- Älvsala Location within Stockholm Älvsala Location within Sweden Älvsala Location within European Union
- Coordinates: 59°18′14″N 18°38′6″E﻿ / ﻿59.30389°N 18.63500°E
- Country: Sweden
- Province: Uppland
- County: Stockholm County
- Municipality: Värmdö Municipality

Area
- • Total: 0.335 km^{2} (0.129 sq mi)

Population (31 December 2020)
- • Total: 381
- • Density: 1,140/km^{2} (2,950/sq mi)
- Time zone: UTC+1 (CET)
- • Summer (DST): UTC+2 (CEST)

= Älvsala =

Älvsala is a locality situated in Breviken, in the southeastern part of Värmdö Municipality, Stockholm County, Sweden.

==History==
The Värmdö maritime district was for a long time divided into quarters. In 1538, there was an Ulffzala quarter which consisted of the current Östra and Västra Älvsala as well as several farms situated westward. In 1580 these farms were merged into the Hemmesta quarter.

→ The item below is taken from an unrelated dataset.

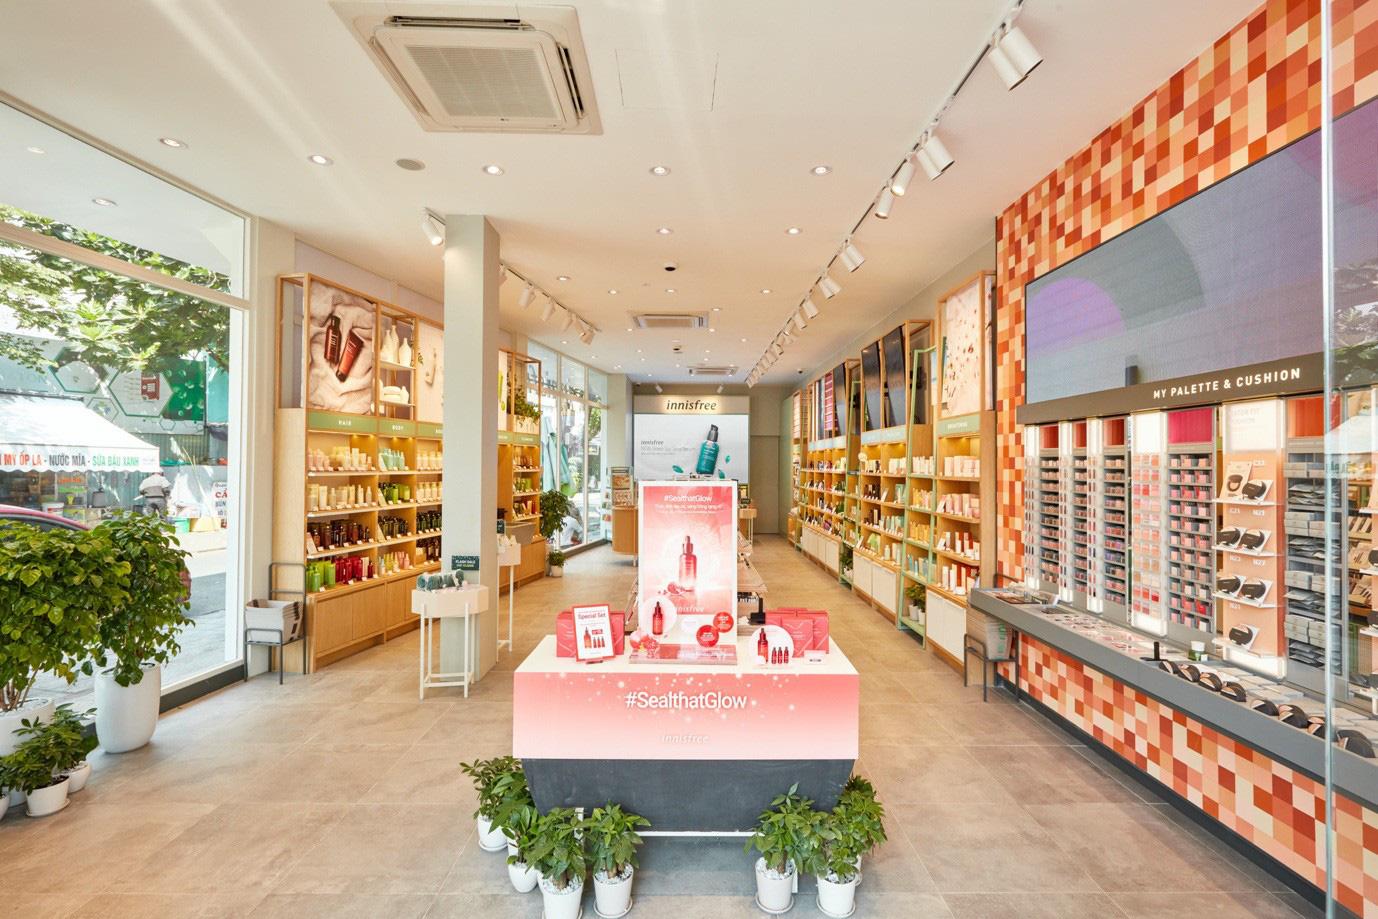 """Mở rộng chuỗi cửa hàng thân thiện với môi trường, innisfree khai trương """"điểm dừng chân xanh"""" đầu tiên tại Đà Nẵng - Ảnh 2."""

In 1719, Älvsala was burned down by the Imperial Russian Fleet, becoming one of many settlements in the Stockholm archipelago that got attacked in the Russian pillage of 1719–1721 as part of the Great Northern War.

Alongside Statistics Sweden's changing of its method for determining agglomerations in 2015, four small areas of Älvsala, Fagerdala, Bullandö and Björkvik were merged, forming a new locality. In 2020, the Fagerdala area was mined out and renamed to Västra Älvsala.

==Society==
Today, the area is partly covered by holiday home developments. Värmdö municipality officials predict that the number of permanent residents is eventually going to increase.